Guy snorted, then looked down at his feet. “Christine's not in Boston,” he said. “That old lady — Jesus. She's tough as nails, isn't she?”
“Where is she, then?” Penny said. “Christine.”
“She passed on,” Guy said, giving her a moment to register what this meant. “Car accident. A year ago now.”
“I'm sorry,” Penny said, conscious of the rote stupidity of the words.
Guy shrugged again, and stood up. The watch slid back down to his wrist. “You won't unlock the place,” he said.
“No.”
“All right, then,” he said. “Thank you for your time.” Once more he held out his hand.

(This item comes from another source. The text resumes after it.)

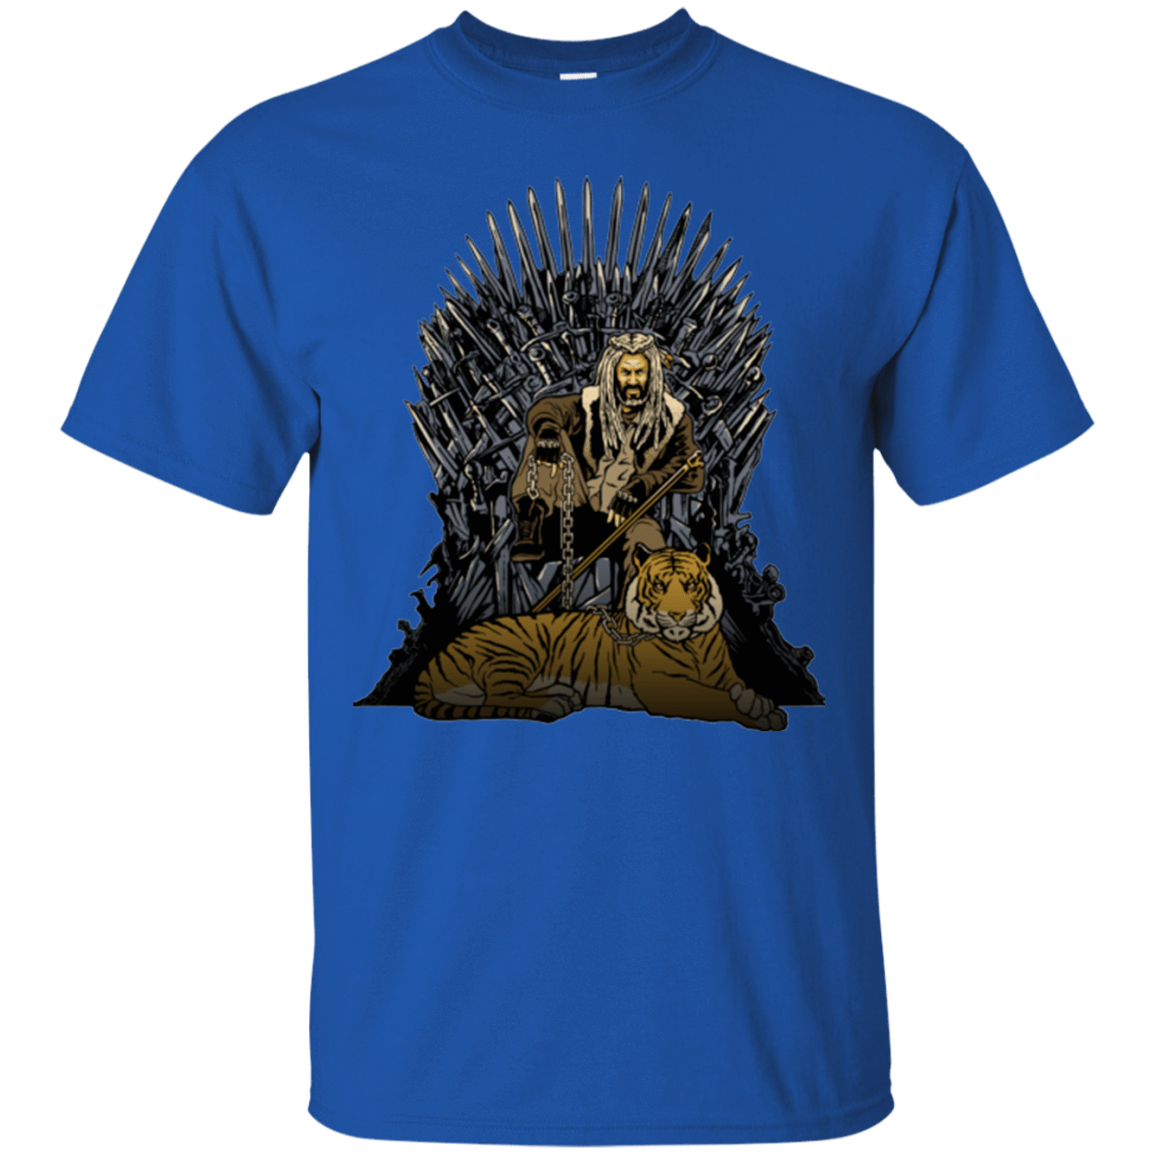 T-Shirts Royal / Small King and Tiger T-Shirt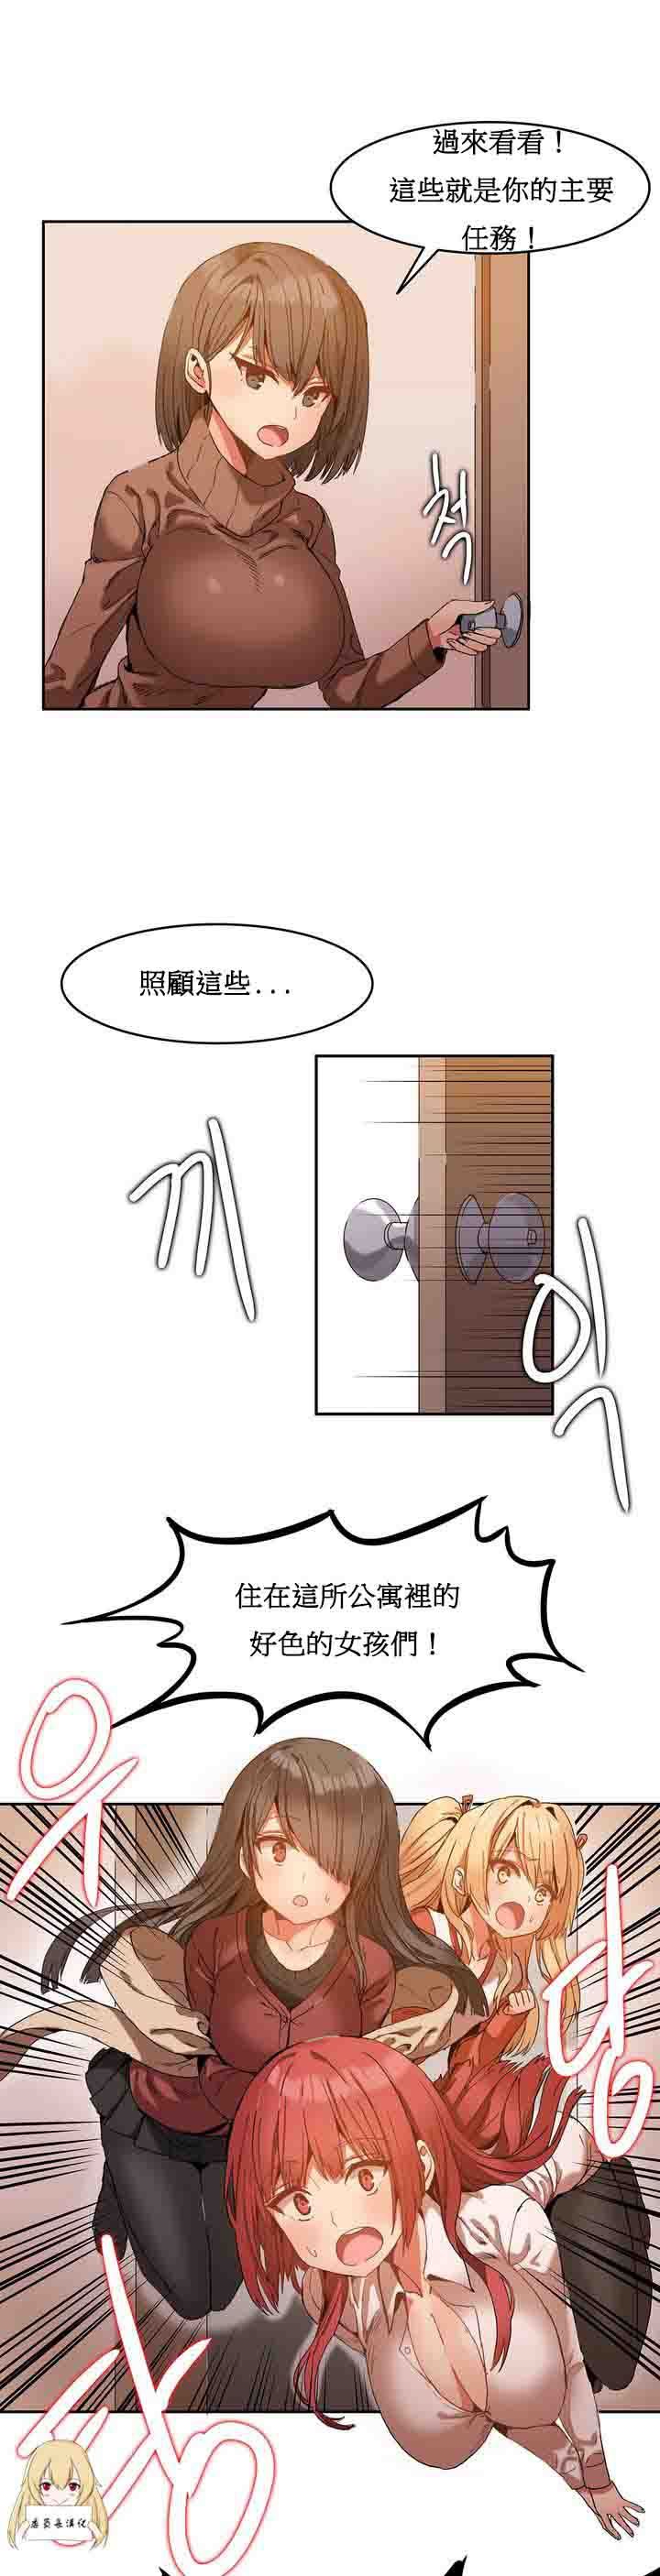 韩国污漫画 寄宿公寓-陰氣之洞 第1话 26

She'd barely gotten back to the books when Irene came by again, this time bearing cranberry-walnut muffins and “a wedge,” she said, “of fine local cheese.” Penny sighed; the days were getting so crowded that she hardly had time to think. They sat in plastic chairs on the front porch, and the strips cut into the backs of Penny's thighs as Irene launched into an exhaustive anecdote about the amount of state taxes she and Henry had to pay that year. The story was complex, with figures and equations, and footnotes and appendices would not have been out of place.
“I see,” Penny said, nodding. She was pinching the back of her knee, hard, trying to stay awake, but drifting back and forth between boredom and pain. She wished Tom were here; he was good at making excuses, polite yet direct, whereas Penny could go on nodding and smiling until she exploded into an obvious yawn. She wanted to ask Irene about her daughter, why she'd lied that Christine was in Boston, but couldn't see how to bring it up, especially given Irene's barrage of storytelling.